COUNT + GROUPING SETS
PostgeSQL allows specifying a set of grouping columns -
GROUPING SETS. It became available since the 9.5 version. Let's build a query:
SELECT 'grade_' || grade AS grade, 'gender_' || gender::VARCHAR AS gender, additional_courses, special_education, COUNT(*) FROM students GROUP BY GROUPING SETS ( (grade), (gender), (additional_courses), (special_education) );
Planning time: 0.078 ms
Execution time: 4033.279 ms
The output is not so convenient but it still can be processed in high-level language:
Let's take a look at the query plan:
GroupAggregate (cost=128738.46..498736.47 rows=36 width=77) (actual time=1482.305..4025.664 rows=9 loops=1) Group Key: grade Sort Key: special_education Group Key: special_education Sort Key: additional_courses Group Key: additional_courses Sort Key: gender Group Key: gender -> Sort (cost=128738.46..131238.46 rows=1000001 width=5) (actual time=1114.102..1598.111 rows=1000001 loops=1) Sort Key: grade Sort Method: external merge Disk: 14624kB -> Seq Scan on students (cost=0.00..15406.01 rows=1000001 width=5) (actual time=0.014..196.834 rows=1000001 loops=1)
It does single
Seq Scan and also it does a
Sort. In general 3 times worse than multiple
COUNT + FILTER
There is an ability to
FILTER what is sent to the aggregate function. It was added on PostgreSQL 9.4
SELECT COUNT(id) FILTER (WHERE grade = '1') AS grade_1, COUNT(id) FILTER (WHERE grade = '2') AS grade_2, COUNT(id) FILTER (WHERE grade = '3') AS grade_3, COUNT(id) FILTER (WHERE gender) AS male, COUNT(id) FILTER (WHERE NOT gender) AS female, COUNT(id) FILTER (WHERE additional_courses) AS additional_courses, COUNT(id) FILTER (WHERE special_education) AS special_education FROM students
Planning time: 0.063 ms
Execution time: 745.993 ms
Query results are very convenient to read:
QUERY PLAN Aggregate (cost=40406.03..40406.04 rows=1 width=56) (actual time=745.939..745.939 rows=1 loops=1) -> Seq Scan on students (cost=0.00..15406.01 rows=1000001 width=9) (actual time=0.013..102.350 rows=1000001 loops=1)

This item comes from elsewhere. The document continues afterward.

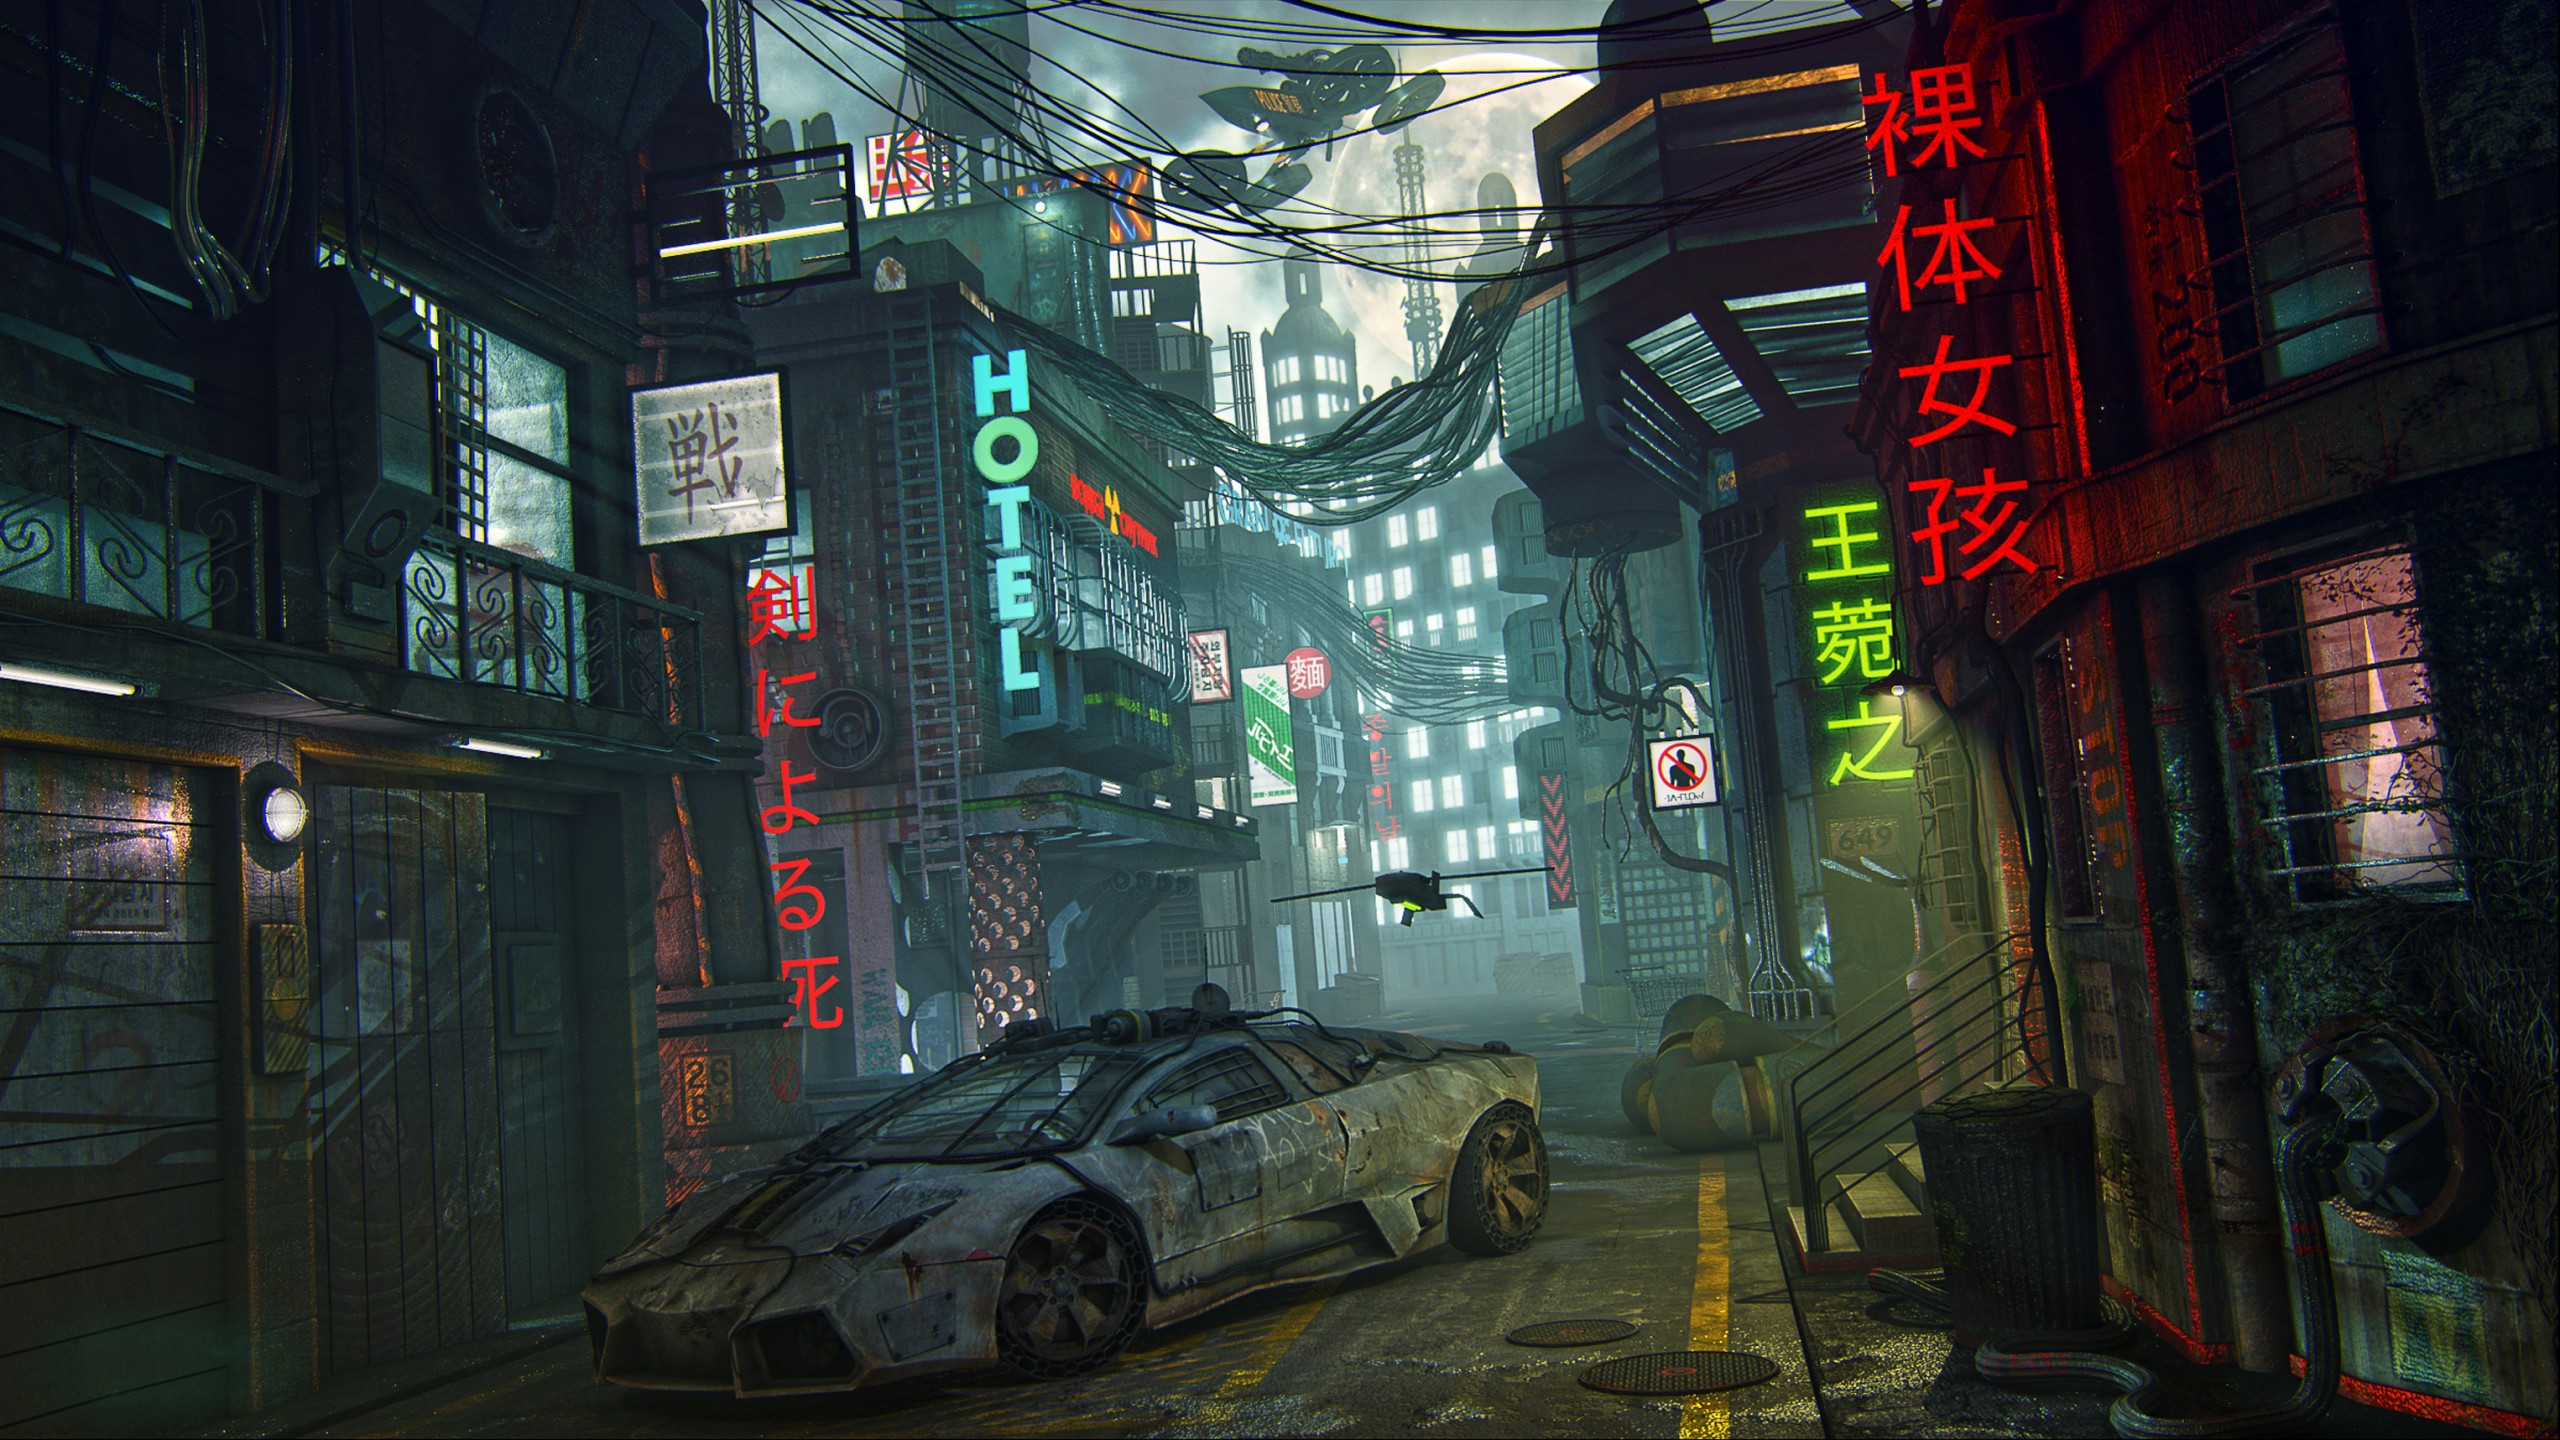 Wallpaper Futuristic Cyberpunk Future World 4k Art 20523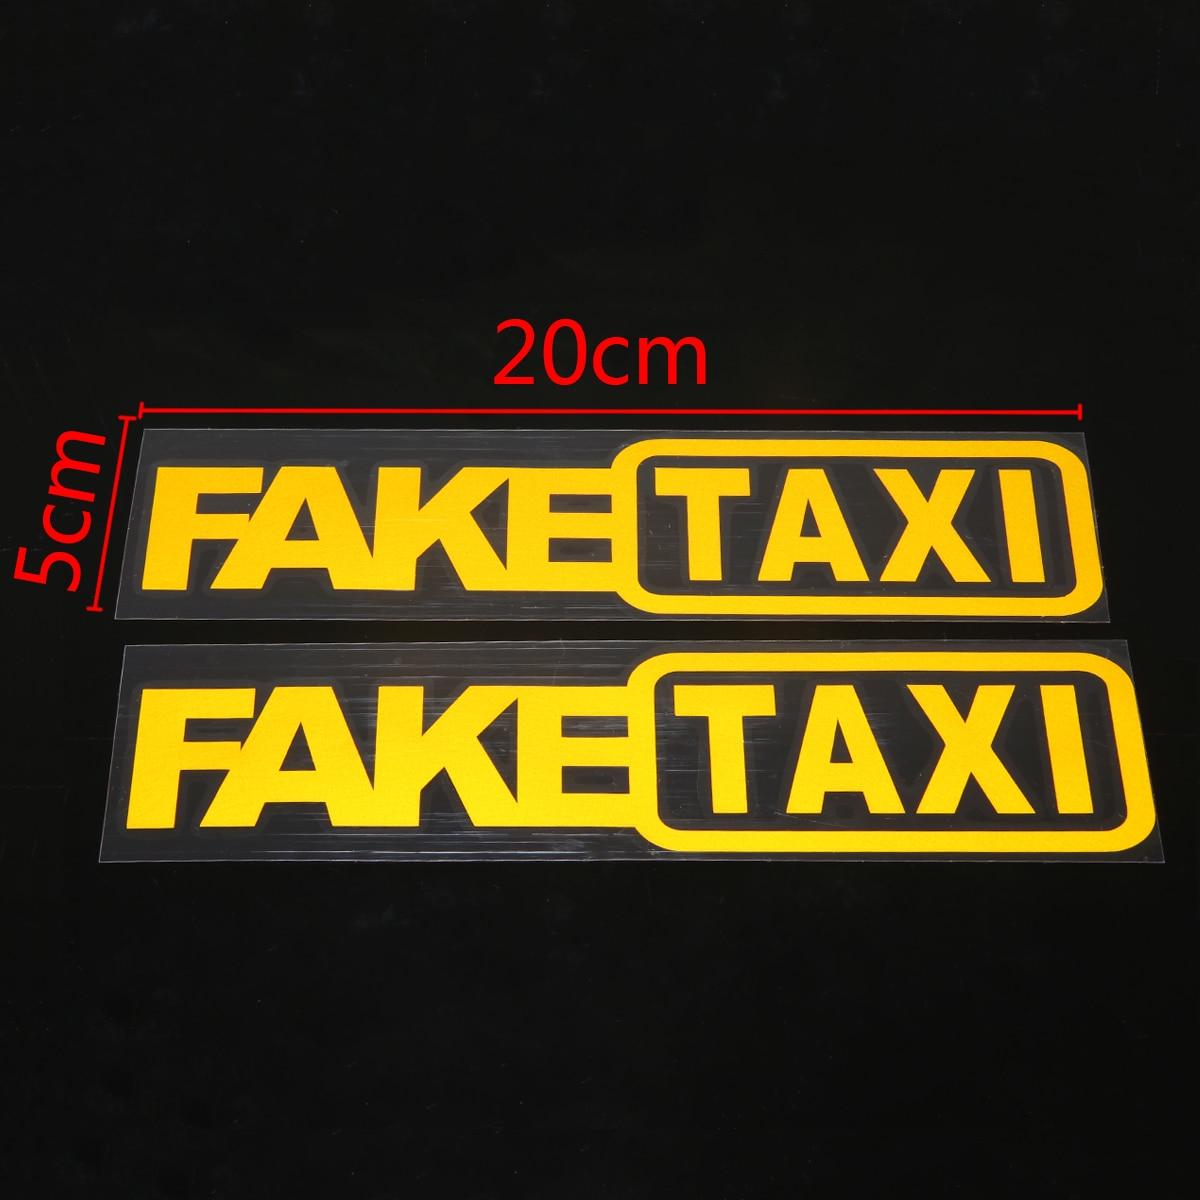 2pcs FAKE TAXI Sticker Car Styling Car Bike Motorcycle Helmet Decal Emblem Self Adhesive Vinyl Stickers in Car Stickers from Automobiles Motorcycles

Single Seq Scan, fantastic! It's the most robust query so far.
Every approach listed above can serve its own goal. According to our goal of counting 35 aggregates
COUNT + UNION was acceptable but had several disadvantages:
- complex SQL building;
- result processing is not as straightforward;
- weak performance.
After updating to
COUNT + FILTER we won several gains. High-level SQL building became simpler, as well as result processing and we also got 4x faster query on our production database.